> WHAT YOU WILL DO: From the line with "Die Zeichnung zeigt" down to the final line of the material, please transcribe everything exactly, but leave the pictures out.

> DATA EXTRACT:
━━━━
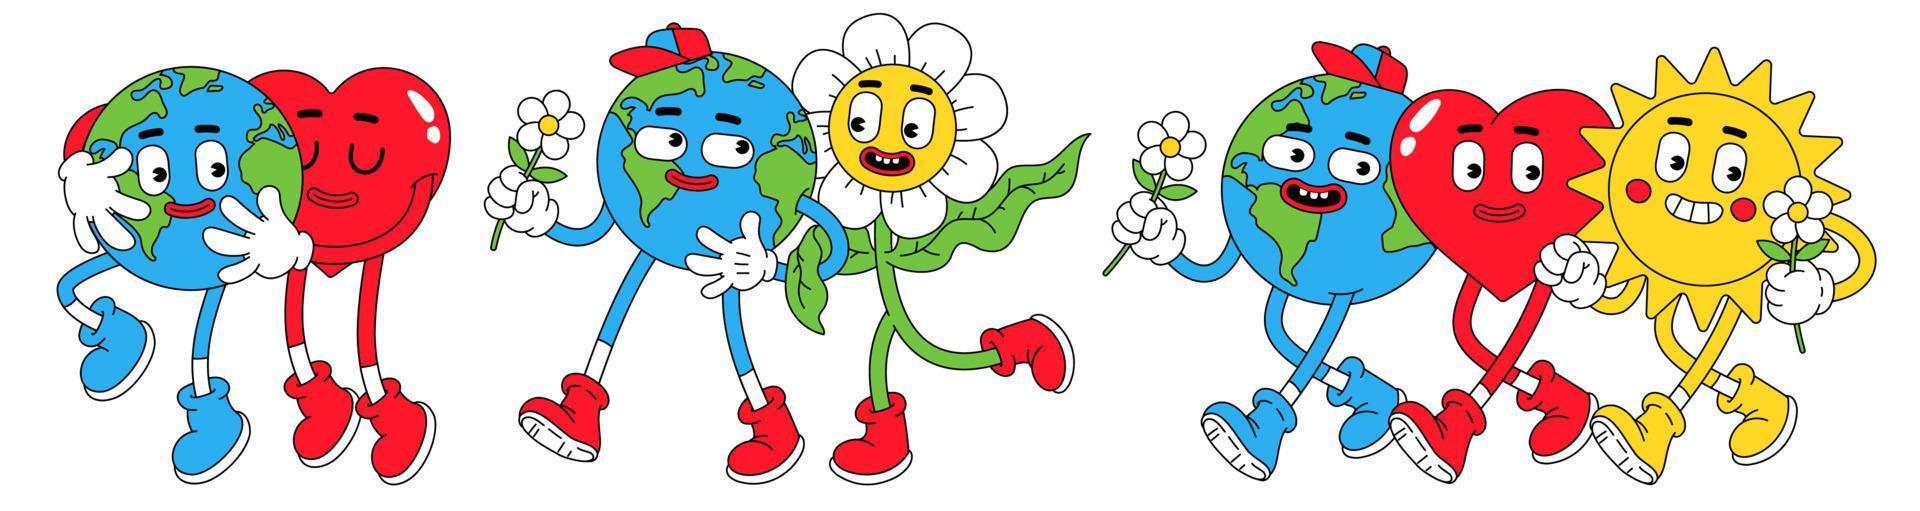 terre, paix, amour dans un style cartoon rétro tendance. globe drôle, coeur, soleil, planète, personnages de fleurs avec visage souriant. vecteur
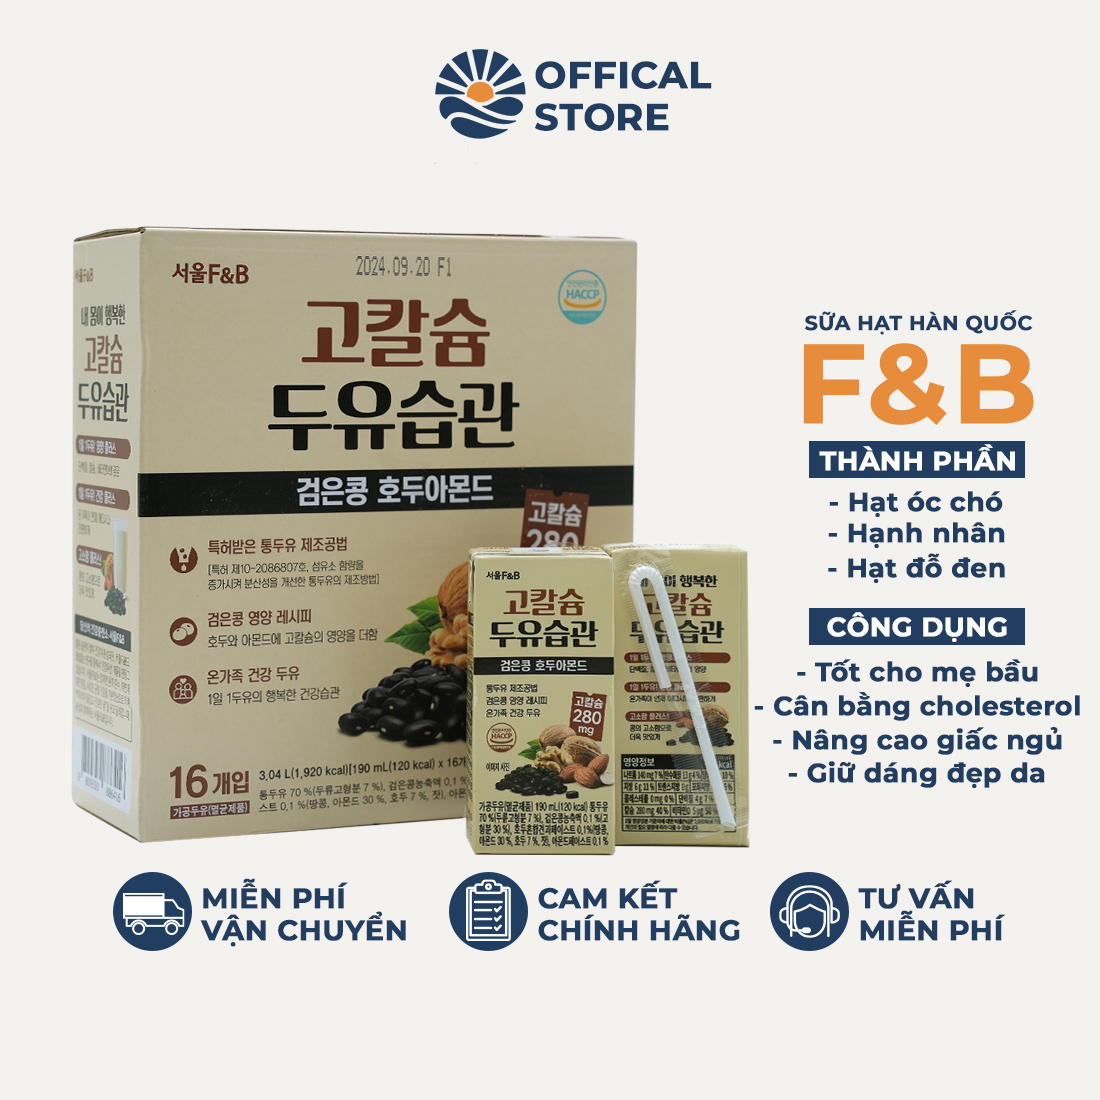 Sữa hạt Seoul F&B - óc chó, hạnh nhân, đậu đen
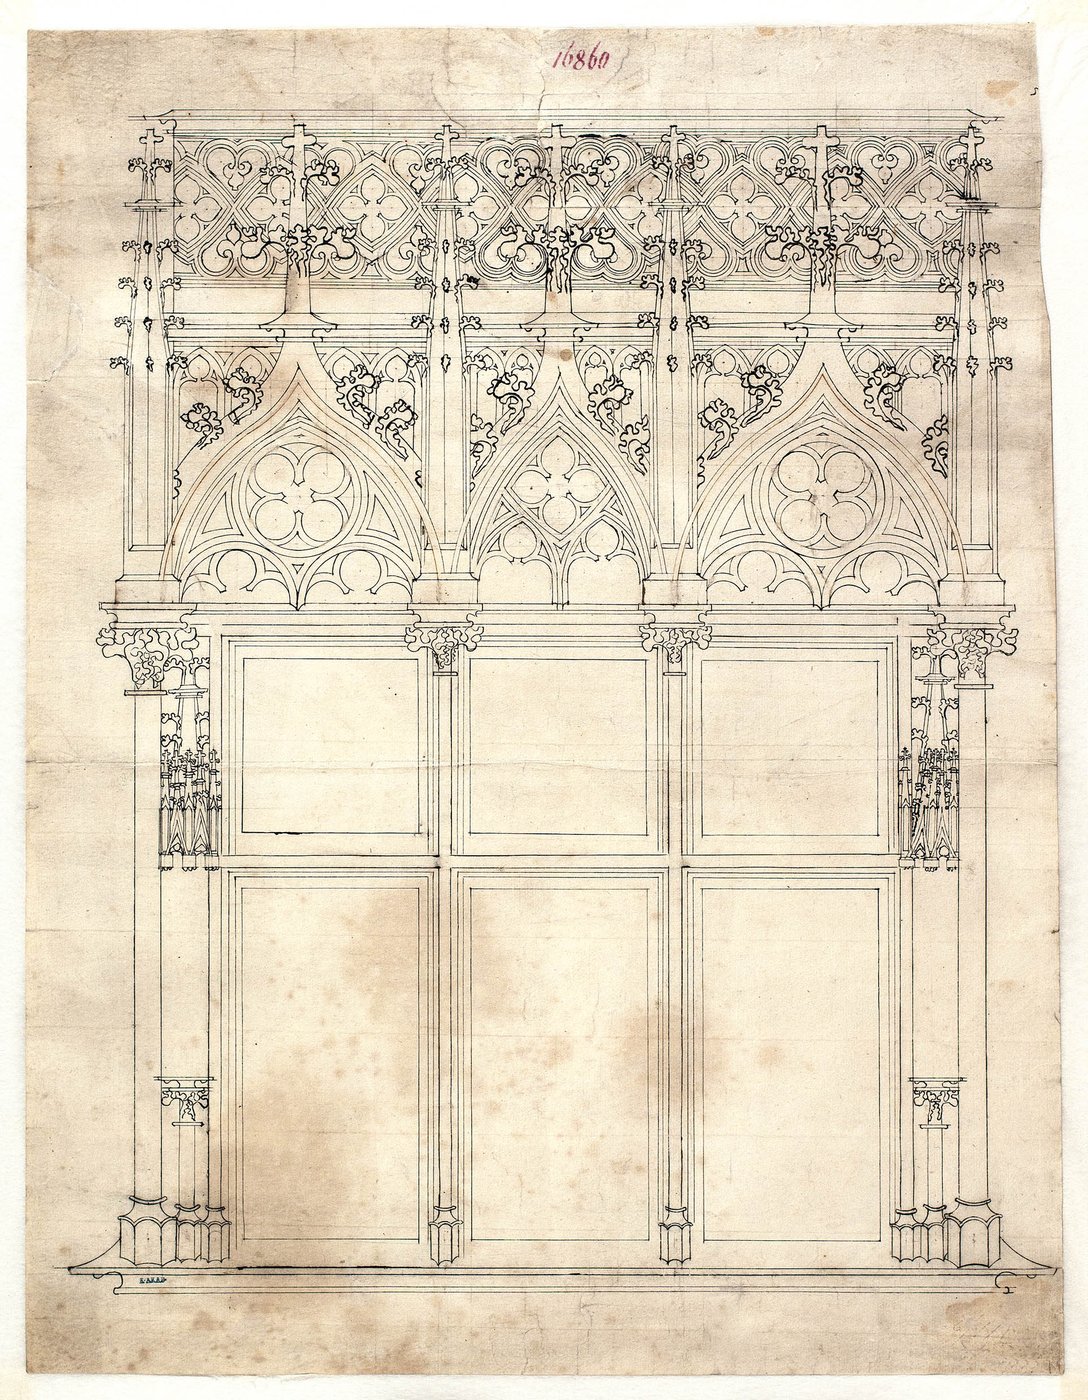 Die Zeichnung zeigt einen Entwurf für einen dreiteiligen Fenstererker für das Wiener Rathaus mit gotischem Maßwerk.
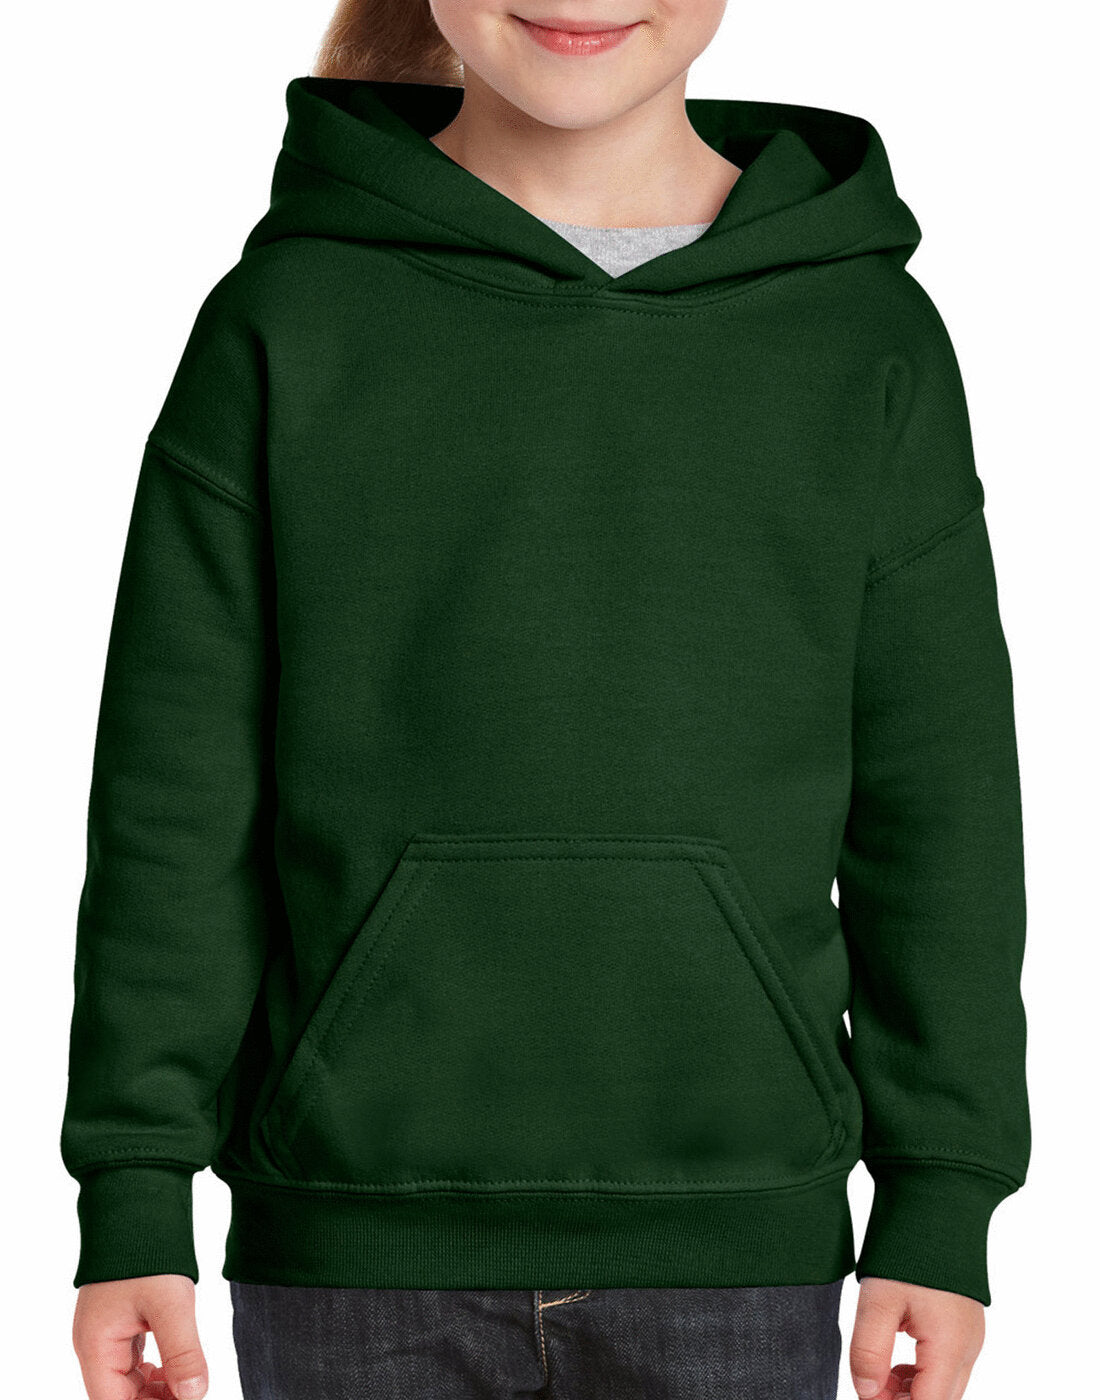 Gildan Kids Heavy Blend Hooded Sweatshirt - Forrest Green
━━━━
> COMPLETED TASK:
 Die Zeichnung zeigt einen Entwurf für einen dreiteiligen Fenstererker für das Wiener Rathaus mit gotischem Maßwerk.
 Gildan Kids Heavy Blend Hooded Sweatshirt - Forrest Green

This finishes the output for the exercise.